-- Raw data --
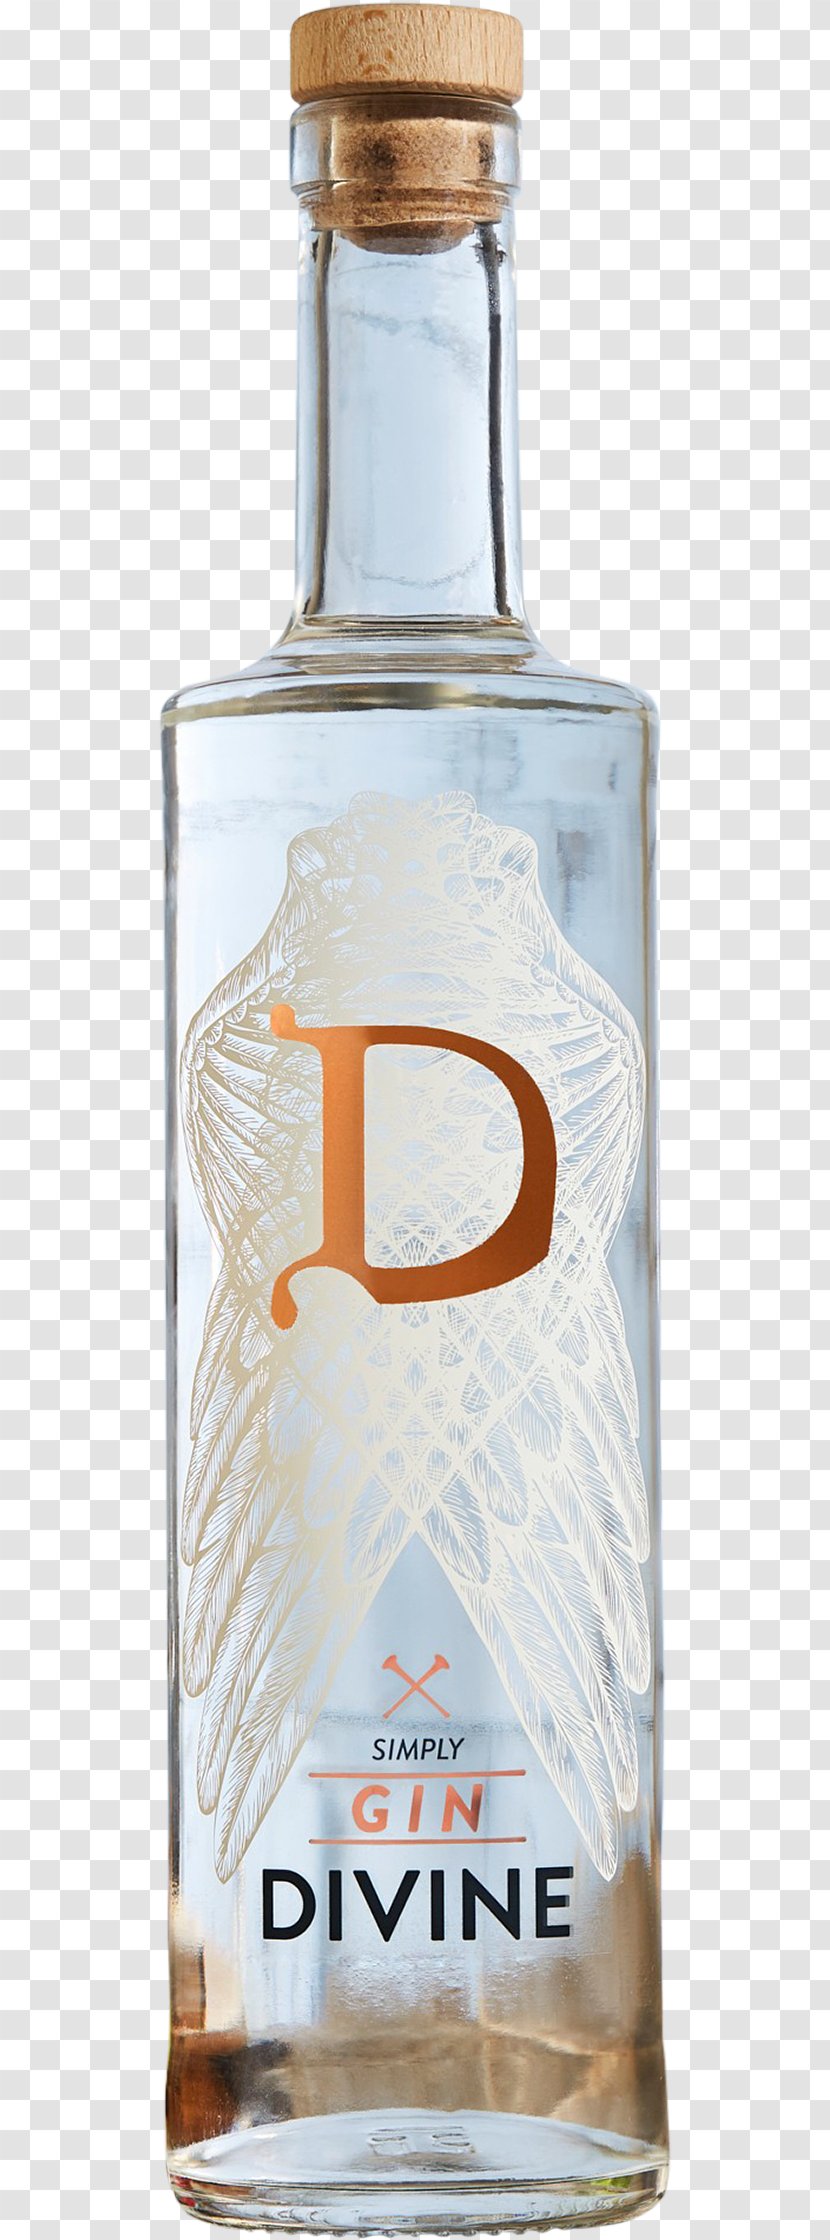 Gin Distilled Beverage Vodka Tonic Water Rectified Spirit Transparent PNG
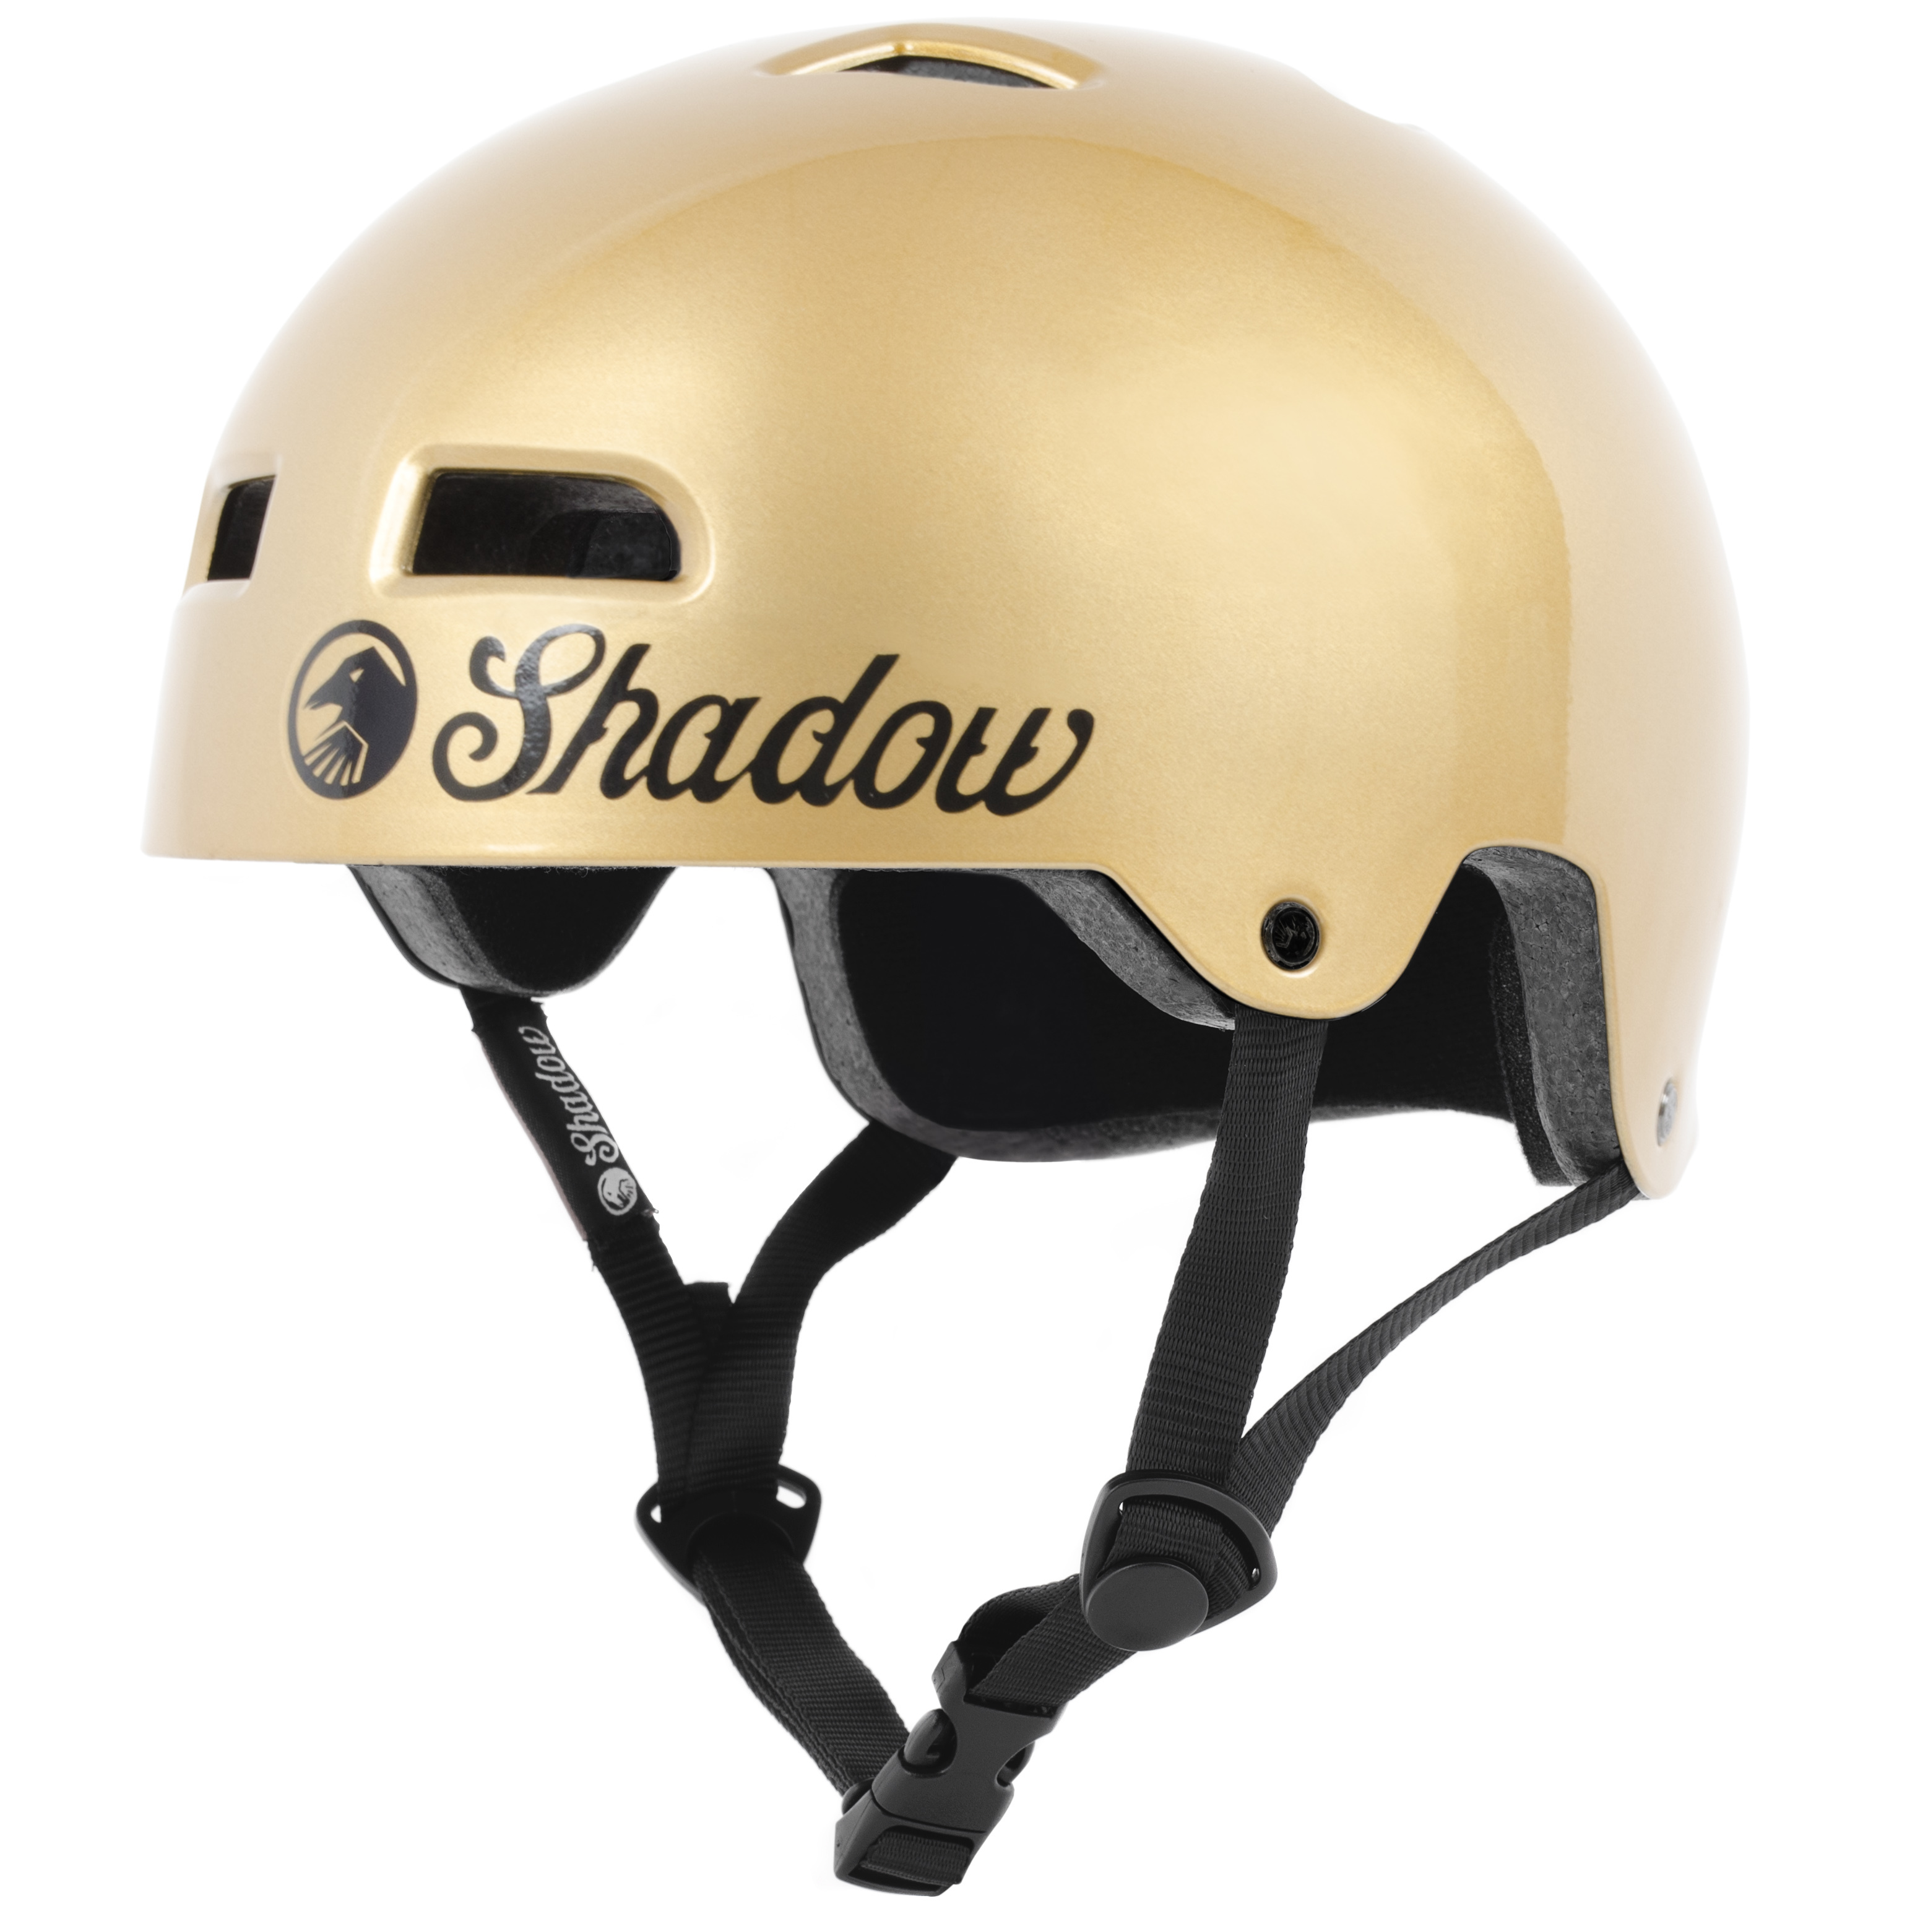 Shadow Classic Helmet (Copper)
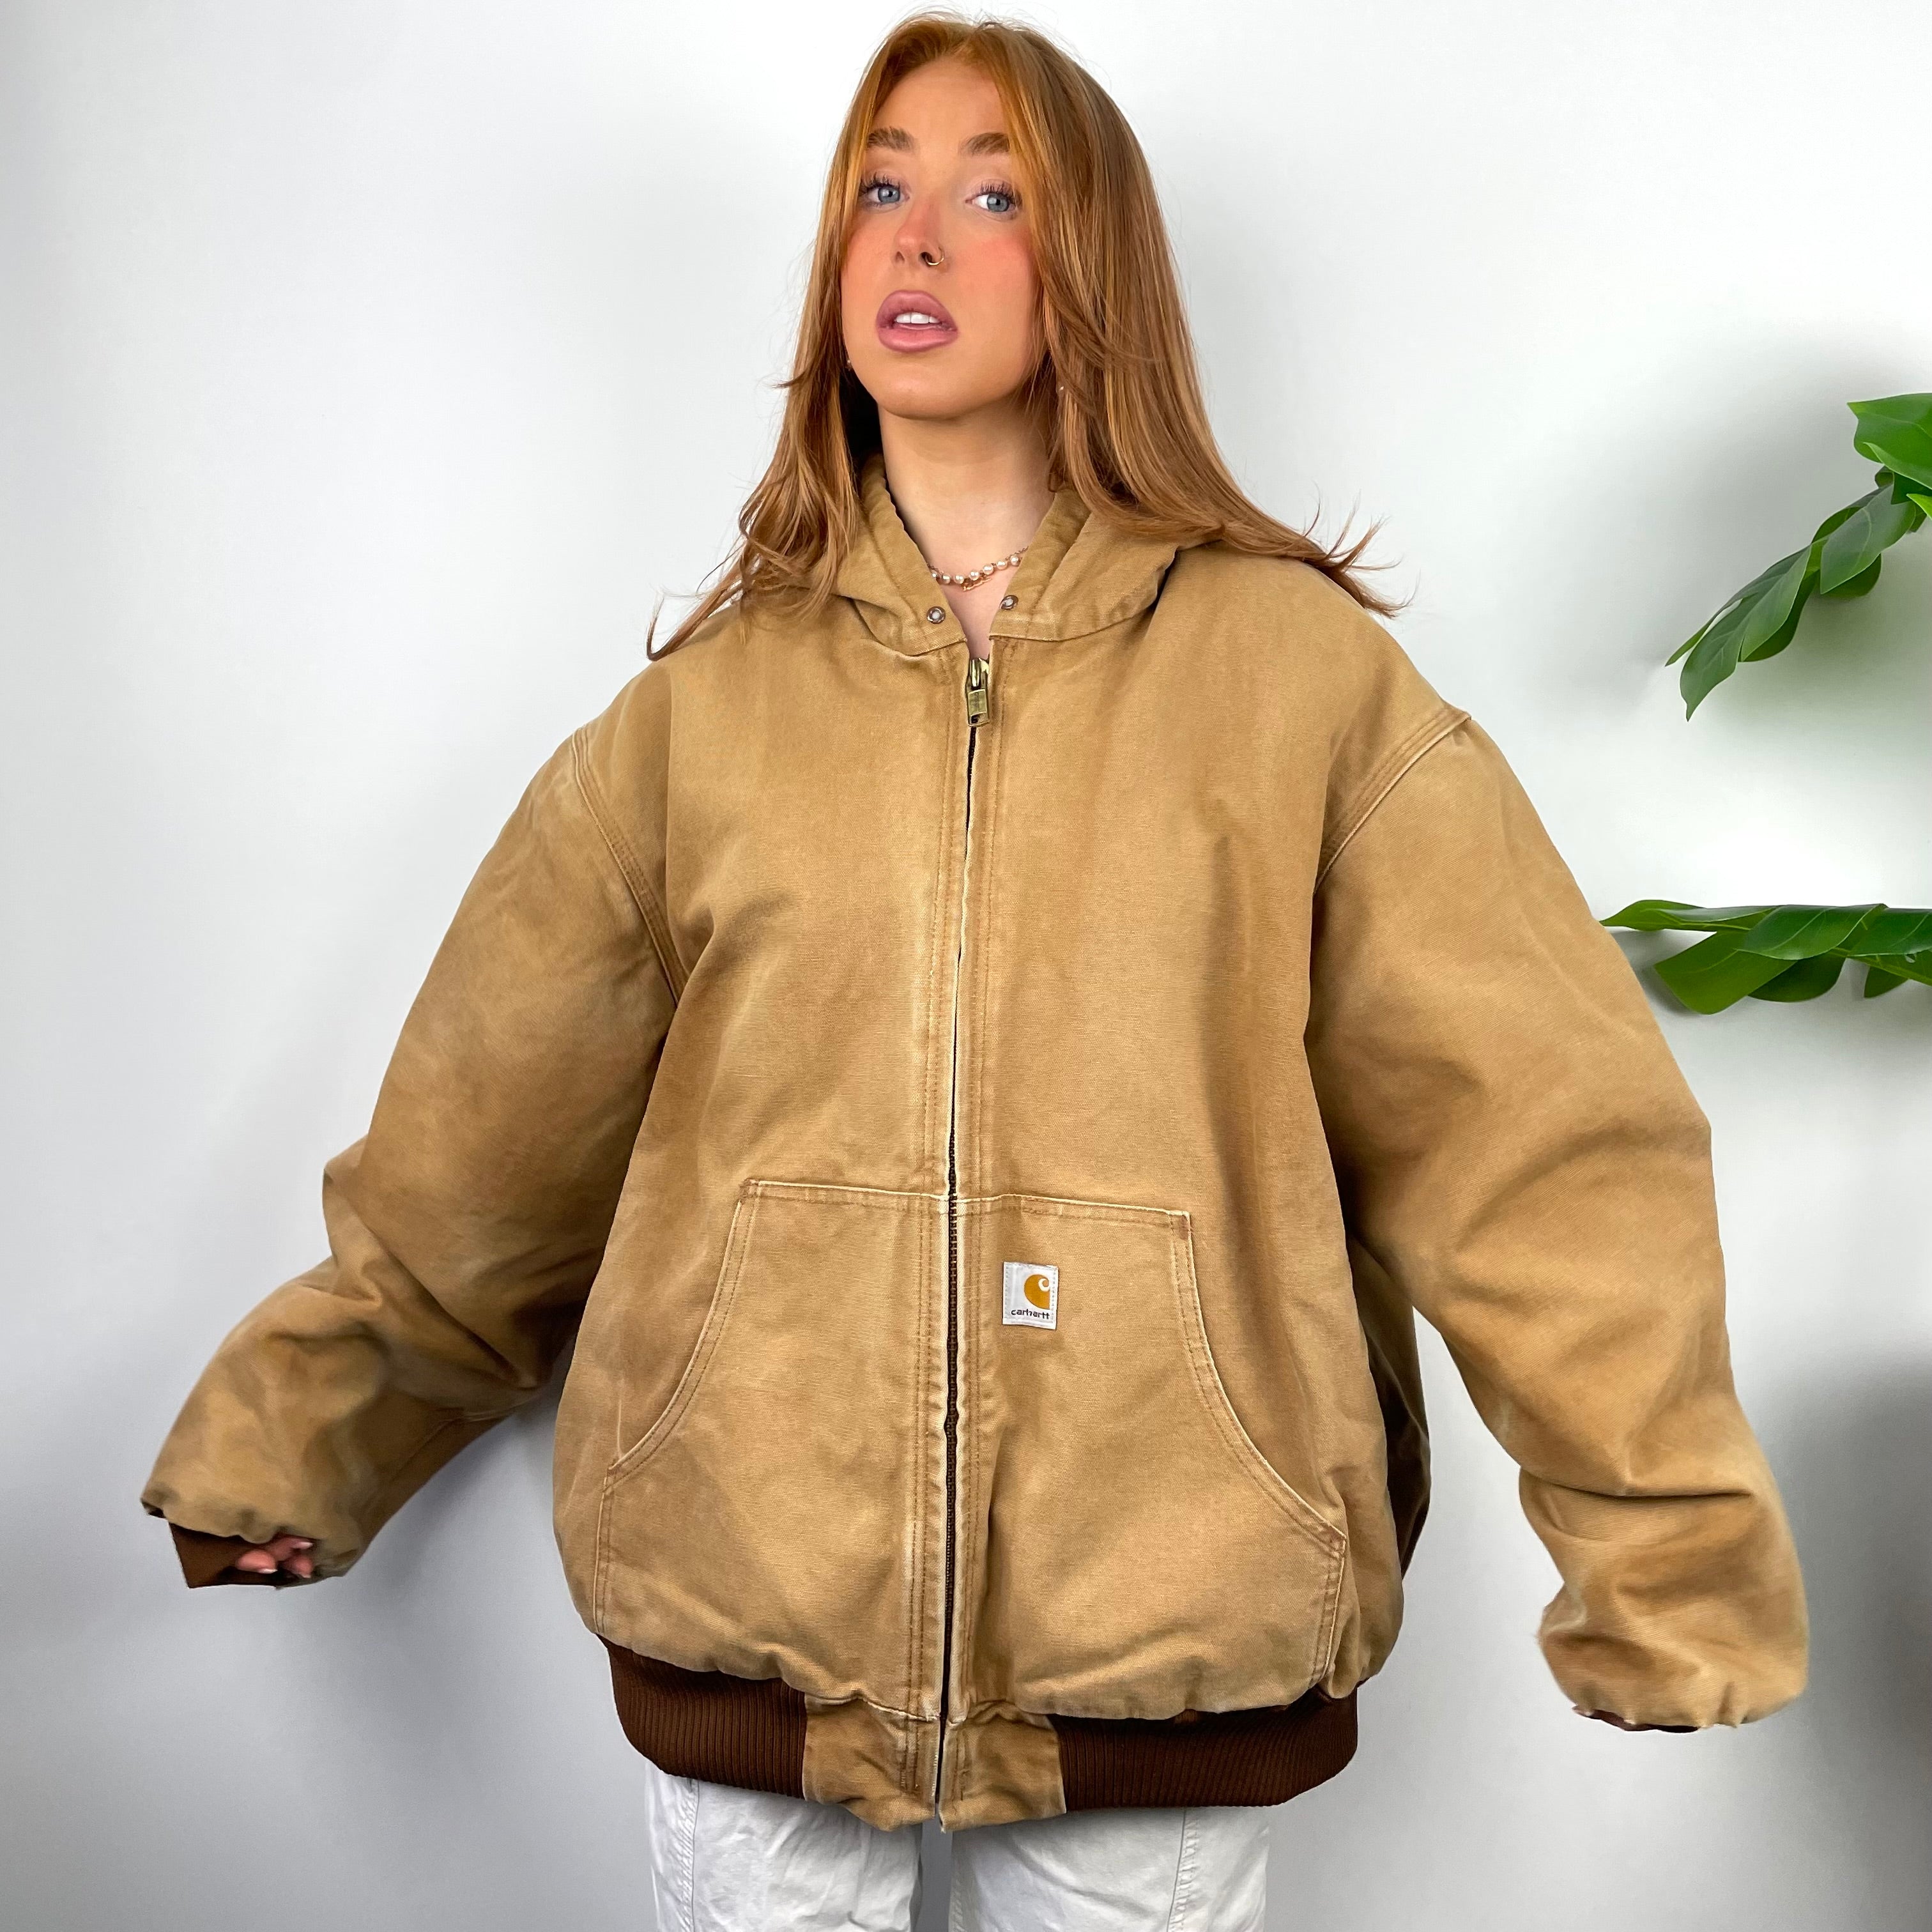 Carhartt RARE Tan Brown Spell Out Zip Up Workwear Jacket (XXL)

-- Exercise --
From the line that contains "Shadow Classic Helmet (Copper)" to the last line of the data above, inclusive, transcribe every line exactly and only those lines, omitting pictures.

-- Task response --
 Shadow Classic Helmet (Copper)
 Carhartt RARE Tan Brown Spell Out Zip Up Workwear Jacket (XXL)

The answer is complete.